COST_PER_INPUT_TOKEN = 3.00 / 1_000_000 # $3.00 per million enter tokens

COST_PER_OUTPUT_TOKEN = 15.00 / 1_000_000 # $15.00 per million output tokens

certainly call_llm_with_tracing(

Consumer message: str,

Session ID: str = “Default session”,

Consumer ID: str = “Nameless”

) -> str:

“””

Executes a traced LLM name. Each name creates a Langfuse hint much like the next:

– Full enter/output

– Token utilization (enter, output, complete)

– Value calculated in USD

– Delay in milliseconds

– Mannequin used and session context

Parameters:

user_message : Message from the consumer

session_id : Teams associated calls into one dialog in Langfuse.
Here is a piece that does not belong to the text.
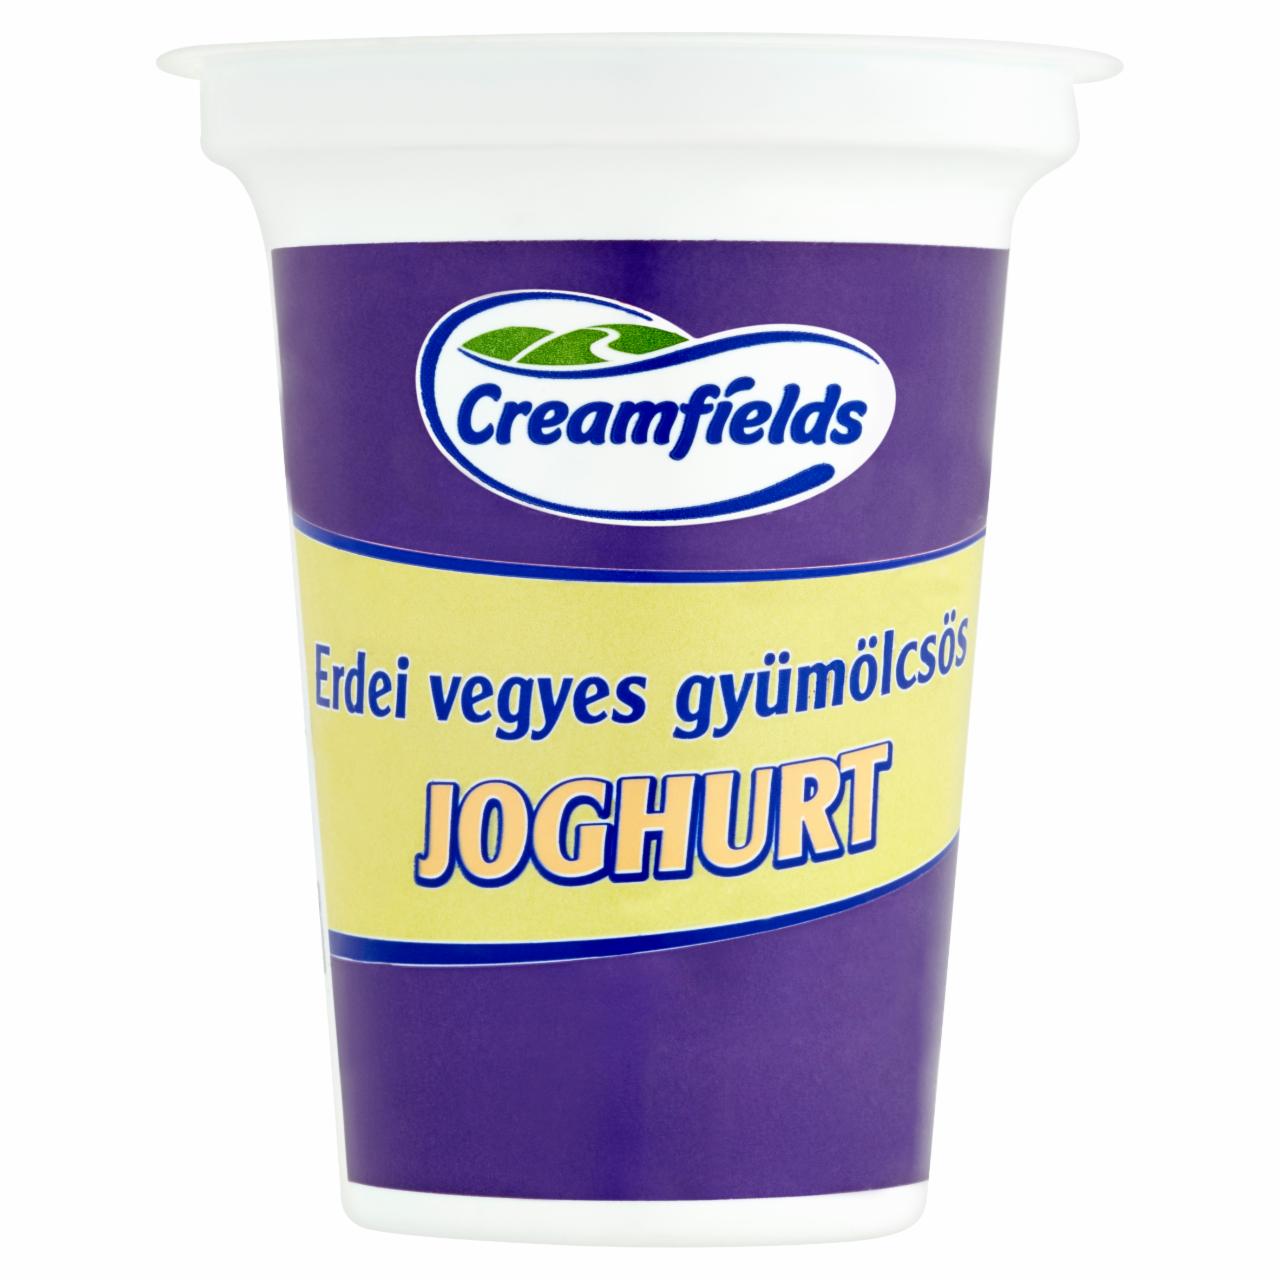 Képek - Creamfields erdei vegyes gyümölcsös joghurt 140 g

user_id : associates a name with a particular consumer for evaluation

Return worth:

LLM response as string

”“”

# Create a top-level hint of this consumer interplay

# Traces are displayed within the Langfuse dashboard as a single unit of labor

hint = langfuse_client.hint(

identify=“Buyer assist name”,

Session ID=Session ID,

Consumer ID=Consumer ID,

enter={“Consumer message”: Consumer message, “System Immediate”: SYSTEM_PROMPT}

)

# create a technology span within the hint

# This retrieves model-specific particulars resembling mannequin identify, token, and price.

technology = hint.technology(

identify=“Claude Full”,

mannequin=mannequin,

enter={

“system”: SYSTEM_PROMPT,

“message”: [{“role”: “user”, “content”: user_message}]

}

)

Begin time = time.time()

strive:

# Make an API name

response = anthropic_client.message.create(

mannequin=mannequin,

max_tokens=1024,

system=SYSTEM_PROMPT,

message=[{“role”: “user”, “content”: user_message}]

)

latency_ms = integer((time.time() – Begin time) * 1000)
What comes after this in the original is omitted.